1) I do not believe that the roles of Adam and Christ as covenant heads were equal. Yes, when Adam fell, we fell in him. However, I don't see it taught in Scripture (explicitly or by necessary consequence) that if Adam had obeyed/passed probation, then all of his offspring would have inherited eternal life. I believe that they too would have had to obey perfectly. The reason that is not the case with us is because Christ bears our guilt as part of his federal headship. That is not something Adam did. That was not part of our covenantal relationship with him. We were not wed to Adam, wherein we shared all things. In short, their headships shared some common properties, but not all.

2) A mediator mediates between two parties, particularly parties at variance. I don't see Adam doing this.

Reactions: Like 2


----------



## Contra_Mundum (Jun 18, 2020)

I don't think the two terms are synonyms. To be a federal head might put one in position to be a mediator, but I would not want to assert that was integral to the position.

I do think Adam was both a covenant head, and a mediator in the covenant of works, and also later a typological or subordinate mediator in the covenant of grace (I say that by inference, because there is so little further said of his post-lapsarian acts).

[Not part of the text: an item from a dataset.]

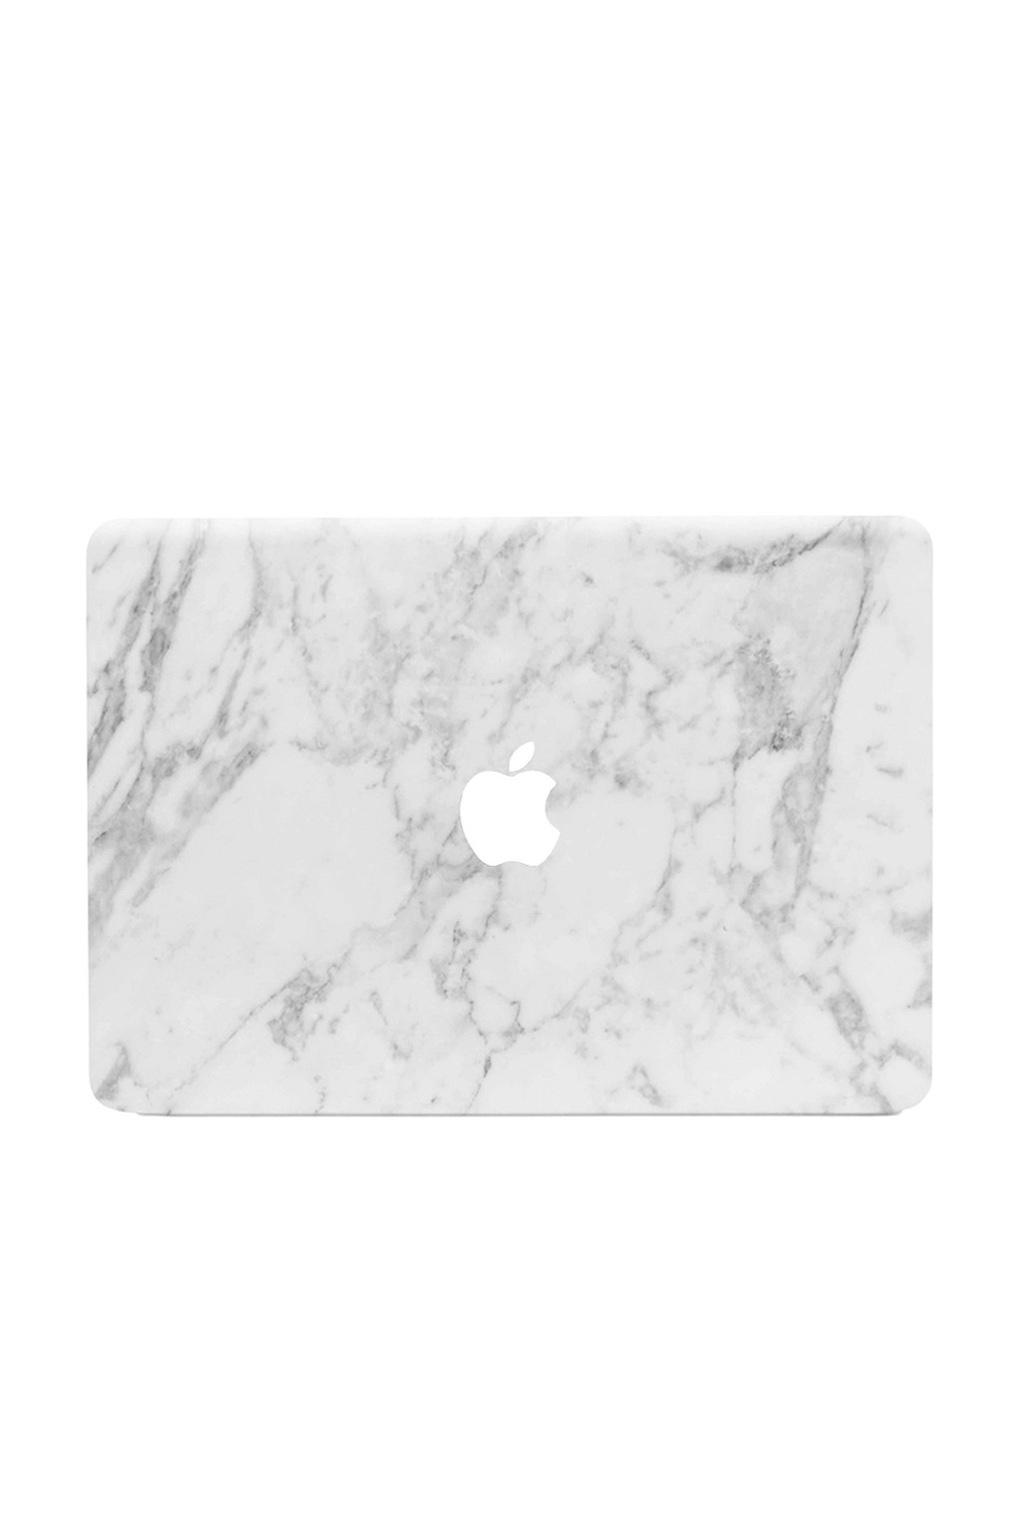 (Preorder) Macbook Marble Decal

He represented all men, and they sinned in him and fell with him in his first transgression. It appears undeniable to me that if one, then the other. If his disobedience could be (and was) imputed to his children; then his obedience could also be imputed to them, besides they would have been born "spiritual" in the 1Cor.15:46 sense, inasmuch as their parents would have been raised to that position from their first estate, their children then bearing their new nature. They certainly bear the parents' changed/deformed nature after the fall.

Adam mediated the word of God to his wife, even before the fall. Thus, he functioned in the role of prophet to her. It is reasonable to infer that he also had principal dominion, as Adam was formed first, then Eve, 1Tim.2:13, so her king. His priesthood (on her behalf) is entailed by the other two functions; and is further confirmed by abundant temple-imagery/language that permeates the original creation story.

Mediation is not purely a requirement of reconciliation; it is also needful when overcoming difference in position/status; there is a utilitarian factor for the sake of communication. Sure, God could if he wanted speak to everyone at once or individually, letting everyone know immediately and ideally what his will was. However, he clearly did not do that, even from the beginning. He built-in the need for some kind of mediation.

Reactions: Like 1


----------



## Ben Zartman (Jun 18, 2020)

Will Christ continue to be our mediator in glory, when we are in God's, er, immediate presence? Surely He will still be our head, but does His mediatorial office cease?


----------



## Contra_Mundum (Jun 18, 2020)

He is THE Mediator. God comes to us, he brings us to himself, IN the Lord Jesus Christ. We have no other (or unmediated) experience of the ultimate Holiness beside Him. No being could endure such consuming fire, no matter its purity. Even the angels only get so close, and they cover themselves.

Reactions: Like 1


----------